I'm seein' an awful lot of talk about a coming U.S. war with Iran. America is either gonna whomp 'em because they are trying to get nukes, or because of... the Euro? Whatever the reason, I'd like to remind U.S. policymakers that Iran gets war elephants AND +1 to galley range. So if yer going to attack them, make sure you bring a bunch of priests.

It's just too bad that America and Iran can't find some common point to agree on. Maybe a shared enemy. I've got it! Both countries can gang up on gays!
In voting against the applications to the NGO committee, the U.S. was joined by Cameroon, China, Cuba, Iran, Pakistan, the Russian Federation, Senegal, Sudan, and Zimbabwe.
See? Not so different after all! Both nations hate teh ghey, and both countries have elected presidents who take their religion a little bit too seriously.

1 comment:

Red A said...

I've been seeing a lot on this lately as well. (The invasion Iran 2006 and what not.)

OTOH, an Instapundit podcast with some military experts gave me some relief when they explained that this Iranian bomb will be huge, bulky, and possibly not explode very well. (The {Pakistanis have this problem too.)

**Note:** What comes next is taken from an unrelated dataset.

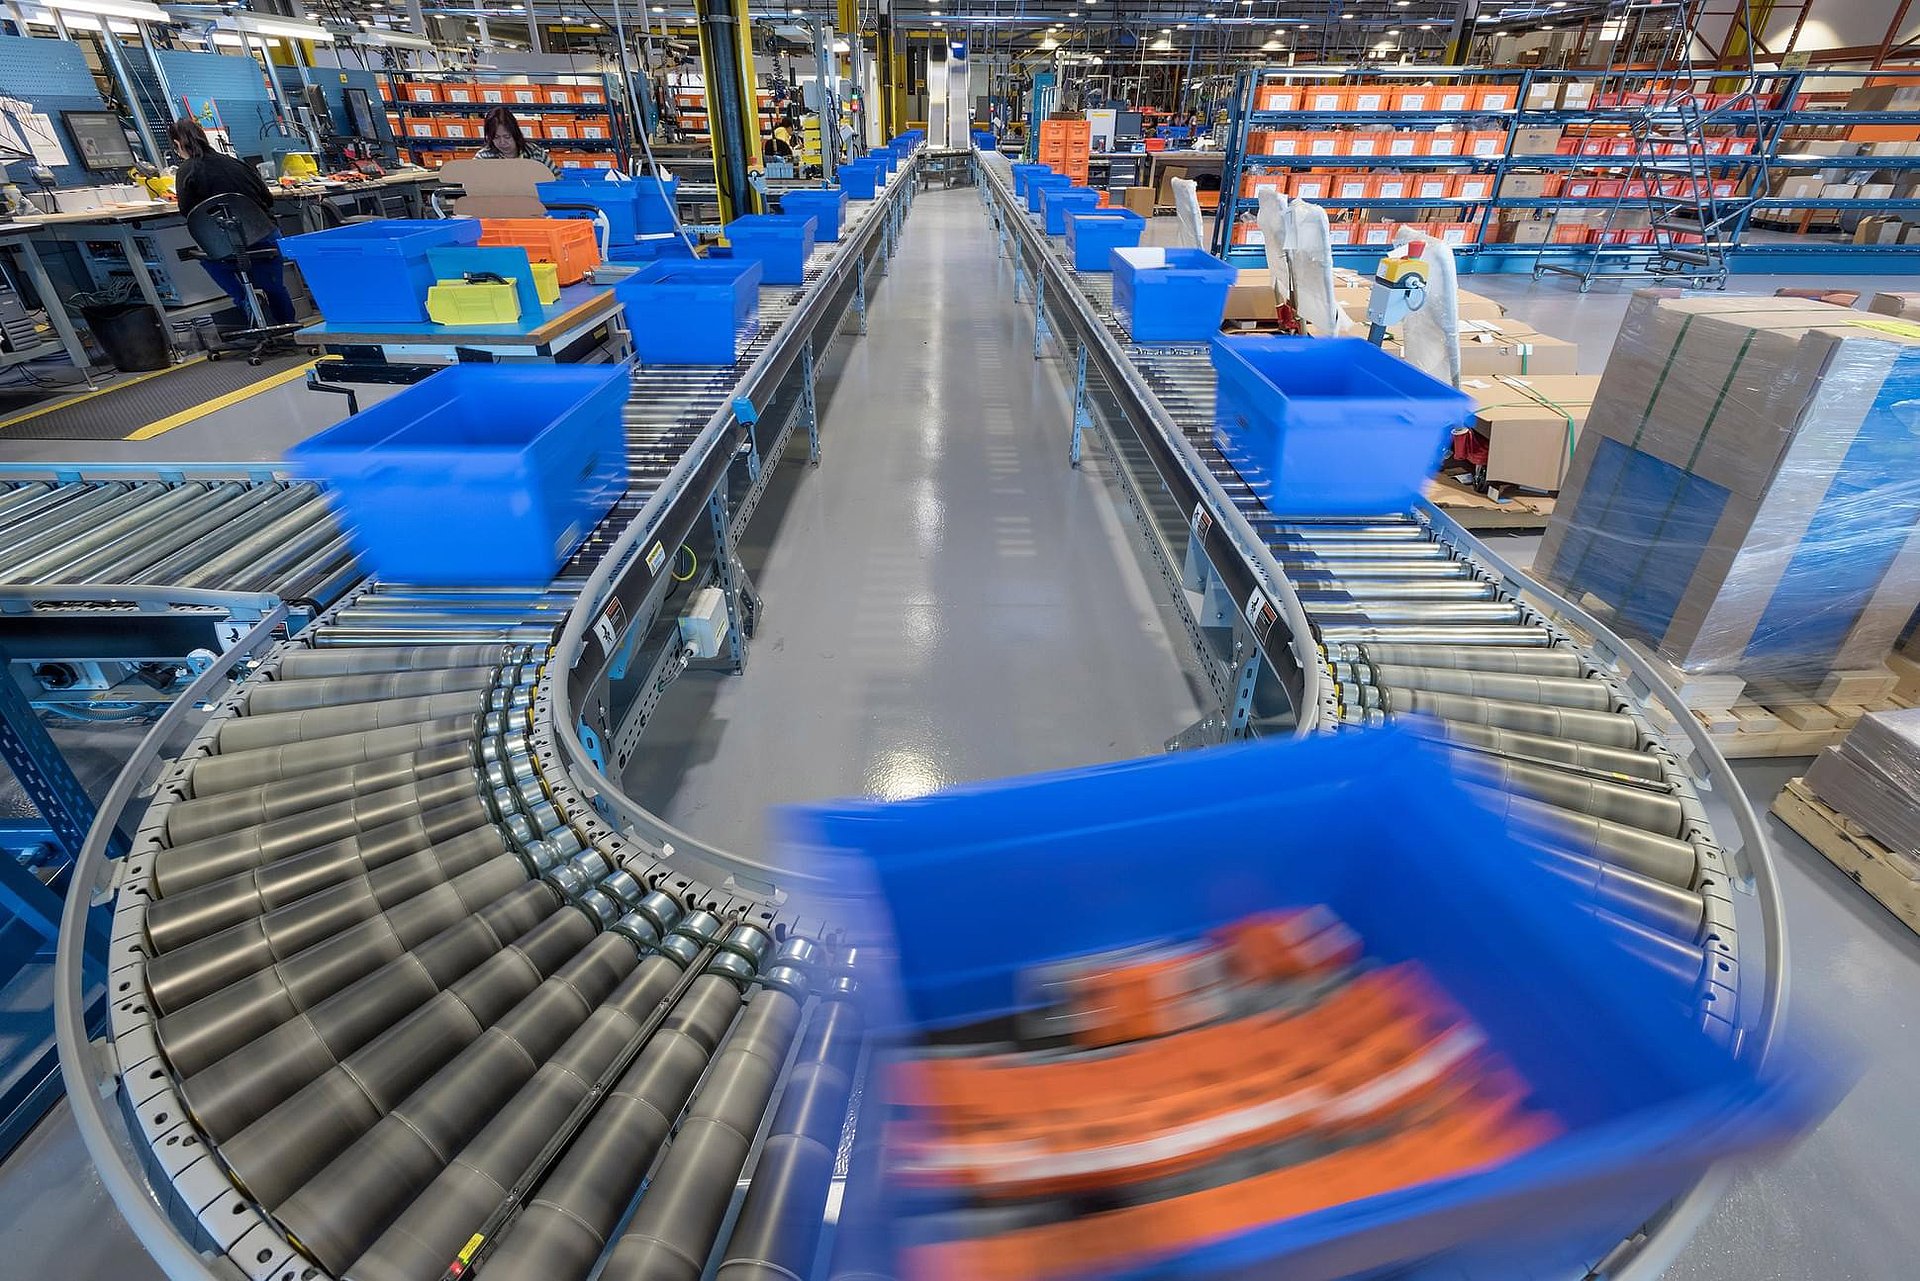 Conveyor system with blue containers in a logistics hall

If we do invade I recommend the following:

a. Make the Europeans fly the first air mission or its off.
b. Take out the regime, the facilities, and then simply leave it alone.

Now, then, how about THIS. Took a course about the insurgency in Vietnam at UCSD taught by Samuel Popkin...who was there on a Rand corp. research team. He actually said in one lecture that this course was to make sure that if someday we were in charge of pacifying some village in Iran we would know what to do.

Needless to say, this whole hypothetical is striking too close to the bone.

Can't I just be in charge of debriefing the Kim Jong-Il sex troupes instead?